Survivors describe people ‘falling like dominoes’ and being trapped in a crush of bodies in a disaster that killed at least 151 people.
The crush on Saturday night happened in a narrow lane in Seoul’s Itaewon district, after a huge crowd of people celebrating Halloween pushed into the downhill alley, witnesses said.
At least 151 people, mostly women and young people in their 20s, were killed. The dead included 19 foreigners, according to officials. Dozens more were injured, with at least 19 of them in critical condition.
It was not immediately clear what led the crowd to surge into the narrow sloped alley near the Hamilton Hotel, a major party spot in Seoul. Fire officials and witnesses said the crush happened when those at the top of the sloped street fell, sending people below them toppling over others.
“People kept pushing down into a downhill club alley, resulting in other people screaming and falling down like dominos,” one survivor was quoted as saying by the Yonhap news agency. “I thought I would be crushed to death too as people kept pushing without realising there were people falling down at the start.”
Another survivor, a young man in his 20s identified as Kim, described the scene as a “Halloween nightmare” and said he also saw people falling.
“I heard voices calling for help, and I saw people who couldn’t breathe,” Kim told the Hankyoreh newspaper, adding that he was trapped in the crowd for about an hour and a half before he was rescued. “My legs are numb,” he said.

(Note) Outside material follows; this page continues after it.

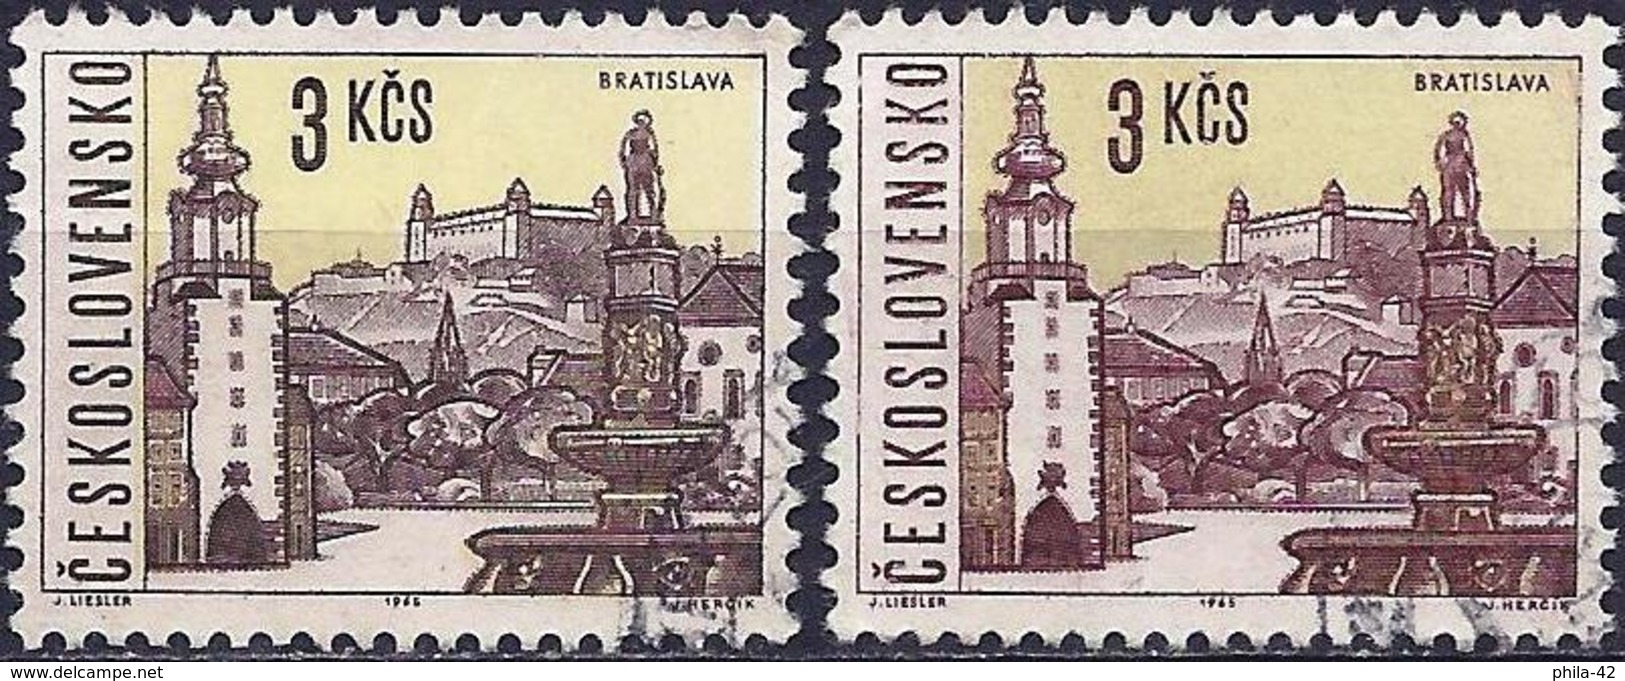 Czechoslovakia 1965 - Bratislava ( Mi 1581x - YT 1446 ) 2 Shades Of Color - Errors, Freaks & Oddities (EFO)

The Korea Joong Ang Daily newspaper said most of those who were killed were found near the northwest corner of the Hamilton Hotel. One witness told the newspaper he made it out via a small side street near the hotel before the crush turned deadly. “It was people fighting to leave and people fighting to get in,” he said.
Another survivor in his 20s said he avoided being trampled by managing to get into a bar whose door was open in the alley, Yonhap reported, while another said she managed to make it out alive because she was standing off to the side.
The woman, surnamed Park, told Yonhap: “[I] could survive as I was located on the sideline of the alley. It looks like people in the middle suffered the most.”
One victim’s mother, surnamed Ahn, told Yonhap that she had heard that her daughter had been under a pile of people for more than an hour.
“Her boyfriend called me around midnight, crying, saying she was dead, that she’d been under a pile of people for over an hour and that he’d tried to pull her out but couldn’t,” Ahn told Yonhap. “I rushed here after getting his call but haven’t received confirmation.”
The sheer number of victims quickly overwhelmed paramedics called to the scene, according to emergency workers.
In an interview with local broadcaster YTN, Lee Beom-suk, a doctor who administered first aid to victims described passers-by stepping in to administer first aid.
“When I first attempted CPR, there were two victims lying on the pavement. But the number exploded soon after, outnumbering first responders at the scene,” Lee said. “Many bystanders came to help us with CPR.”
“It’s hard to put in words to describe,” he added. “So many victims’ faces were pale. I could not catch their pulse or breath and many of them had a bloody nose. When I tried CPR, I also pumped blood out of their mouths.”
Saturday’s disaster was the deadliest crowd crush in South Korea’s history. President Yoon Yuk-seol has declared a period of national mourning and promised an investigation into what happened.
Seoul’s Metropolitan government meanwhile said it has received reports about some 355 missing people since the disaster.
Ju Young Possamai, a bartender in Itaewon, said he had been to several Halloween celebrations in South Korea and was shocked by the tragedy.
“It was very sad to see something that we never, never expected,” Possamai, 24, told the AFP news agency. “It’s always crowded, but nothing like this has ever happened before.”